EXERCISE DIRECTIONS – Each line below from the line with "グロッケンの幻想的でテクニカルなロックの再生済みの波形" to the line with "Wedding Checklist Venue" must be copied exactly, including those two, and no picture may appear in the copy.

DATA TO PROCESS –
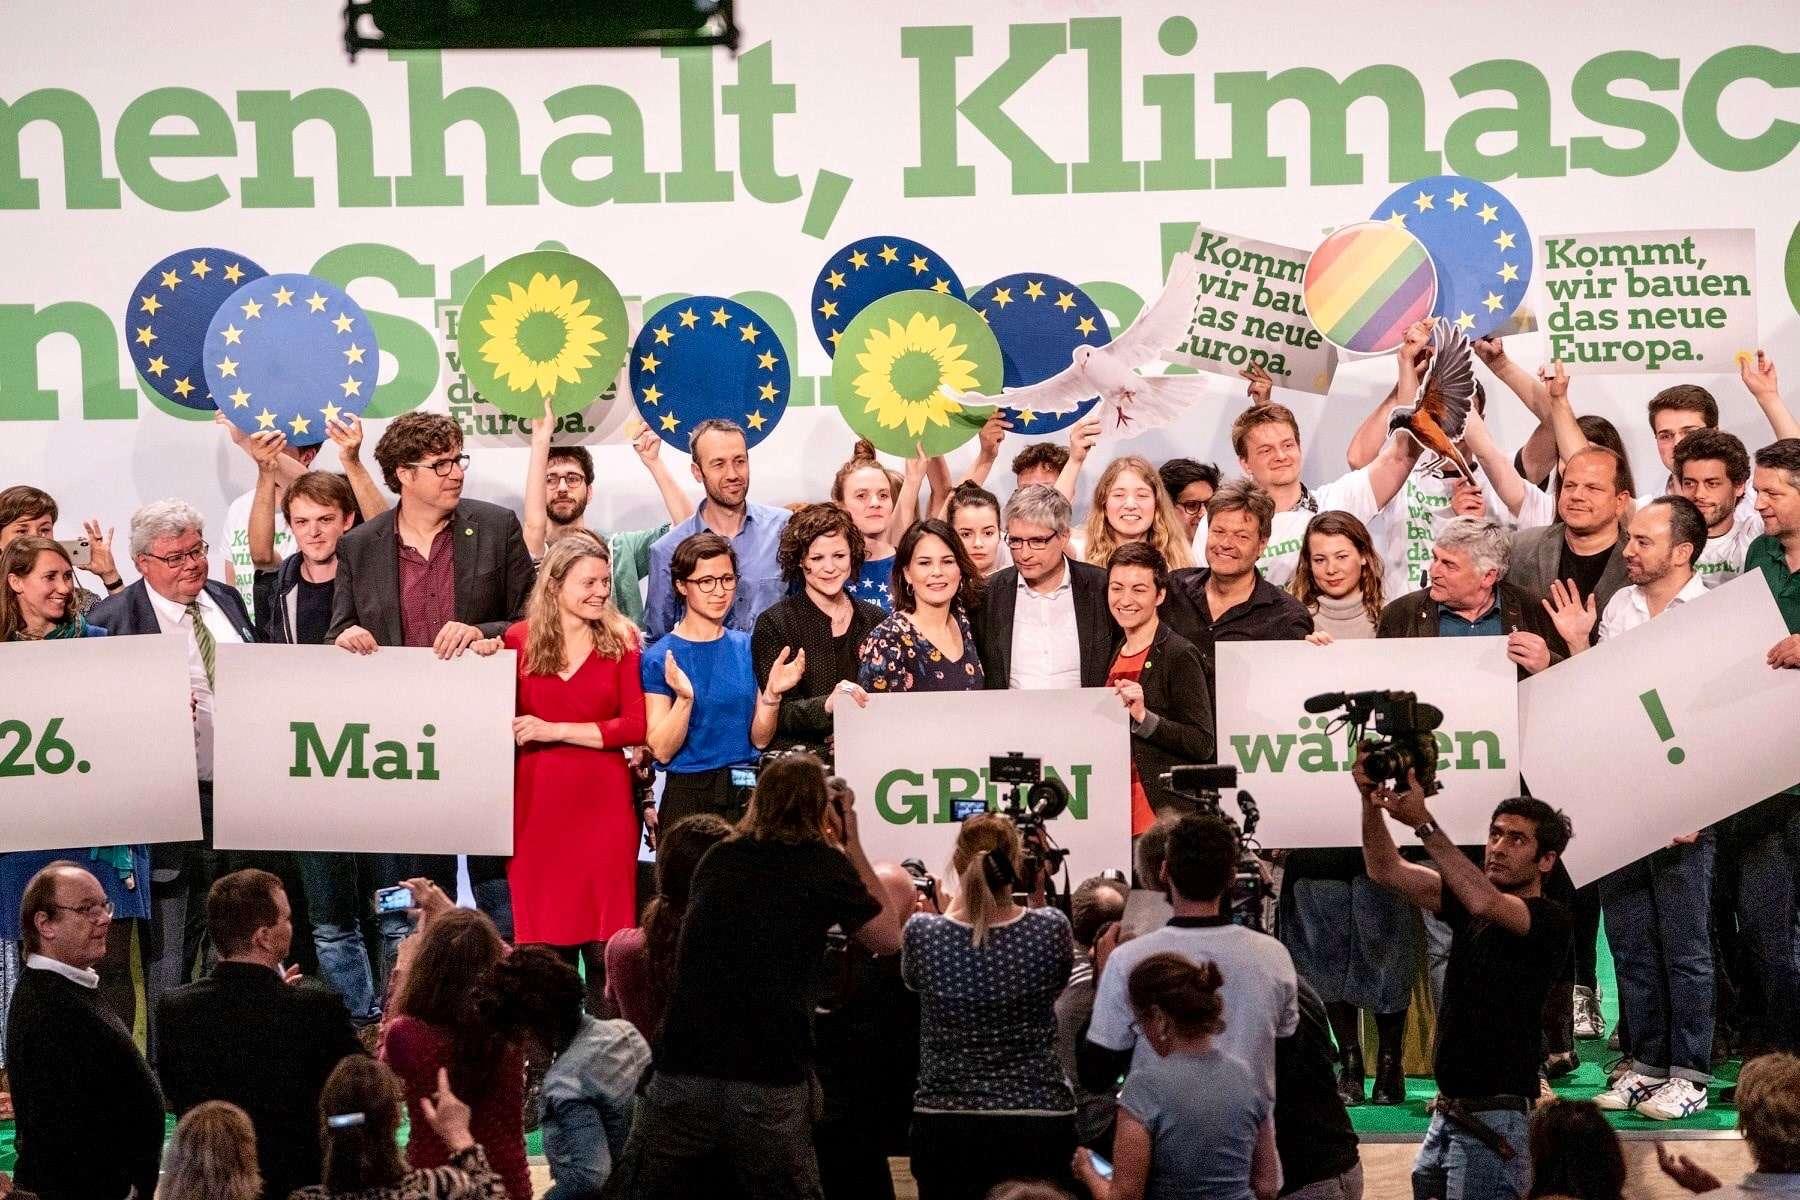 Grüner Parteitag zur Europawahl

...

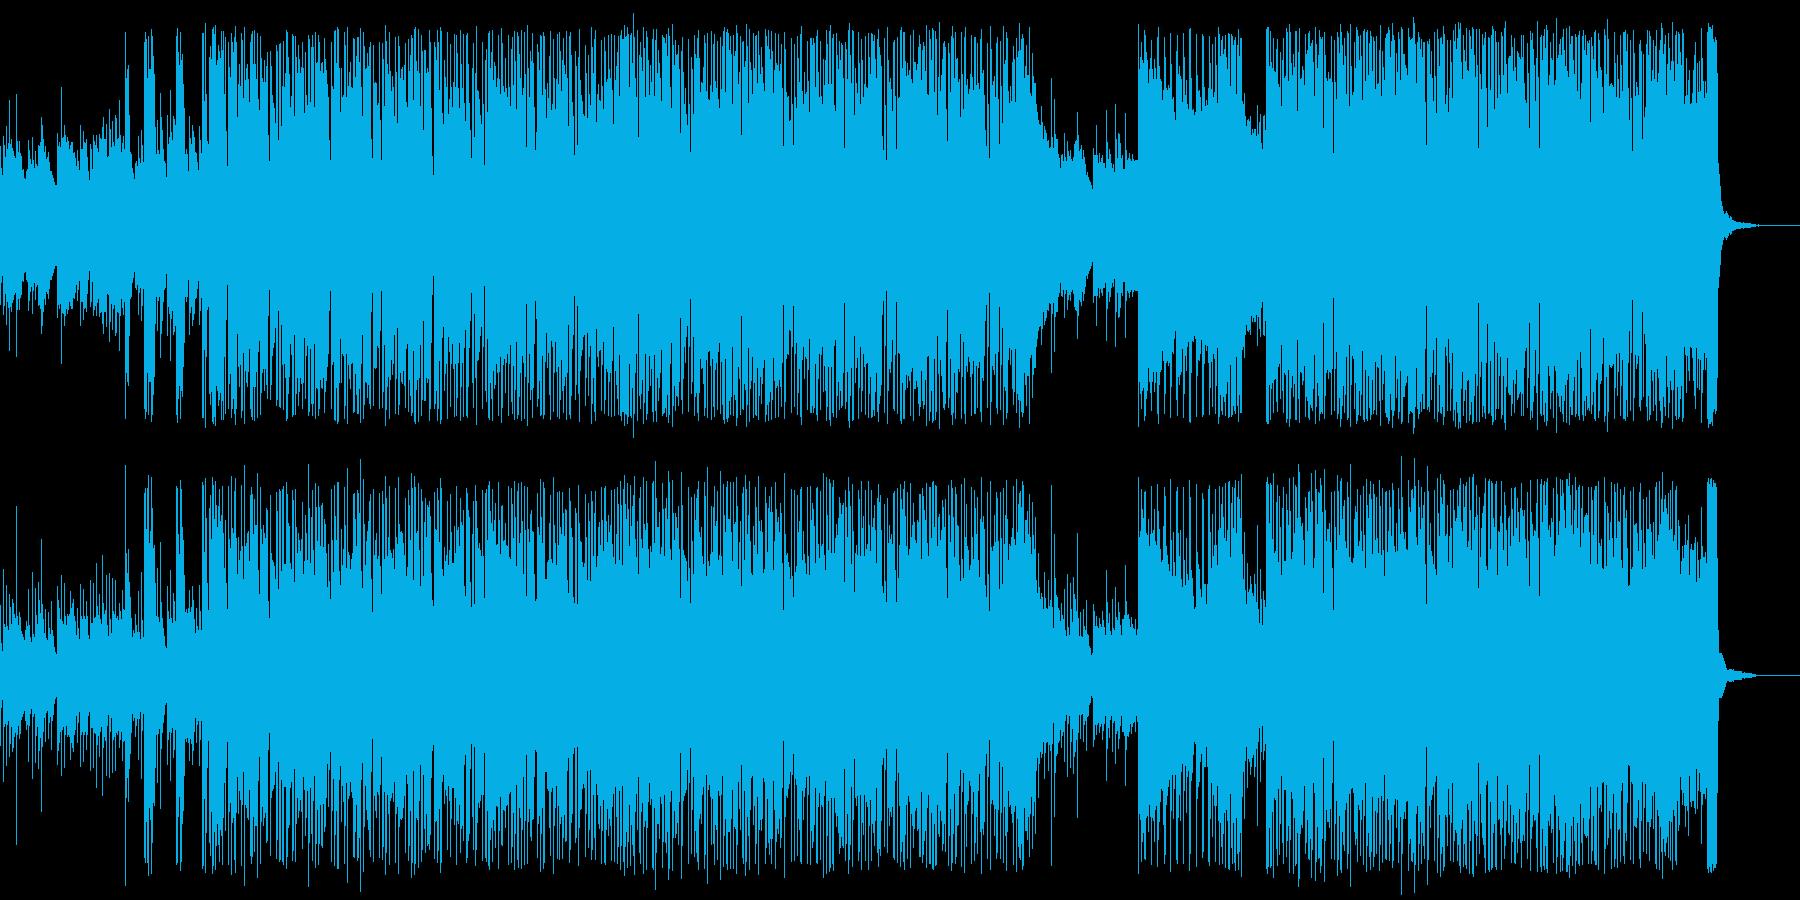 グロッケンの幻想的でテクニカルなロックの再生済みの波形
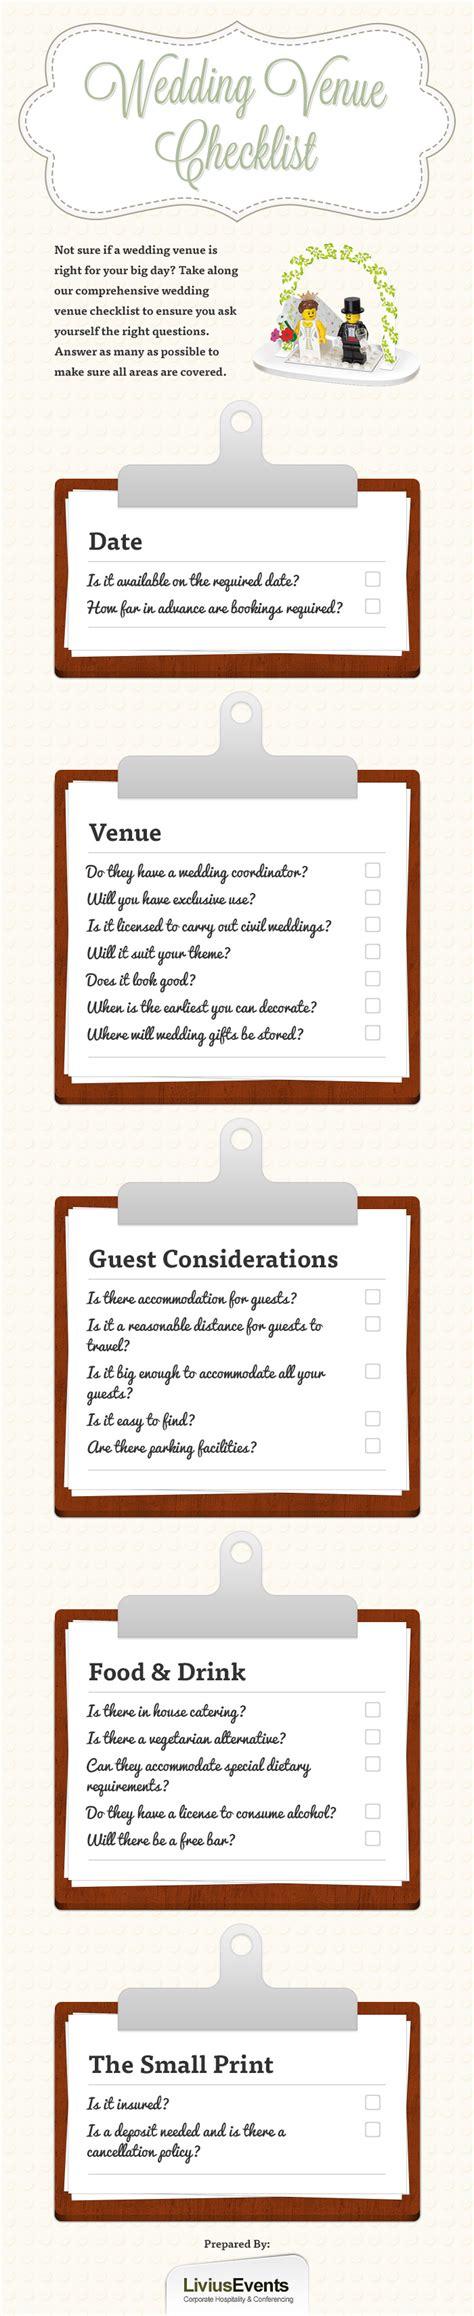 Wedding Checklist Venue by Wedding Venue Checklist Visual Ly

EXERCISE RESPONSE –
 グロッケンの幻想的でテクニカルなロックの再生済みの波形
 Wedding Checklist Venue by Wedding Venue Checklist Visual Ly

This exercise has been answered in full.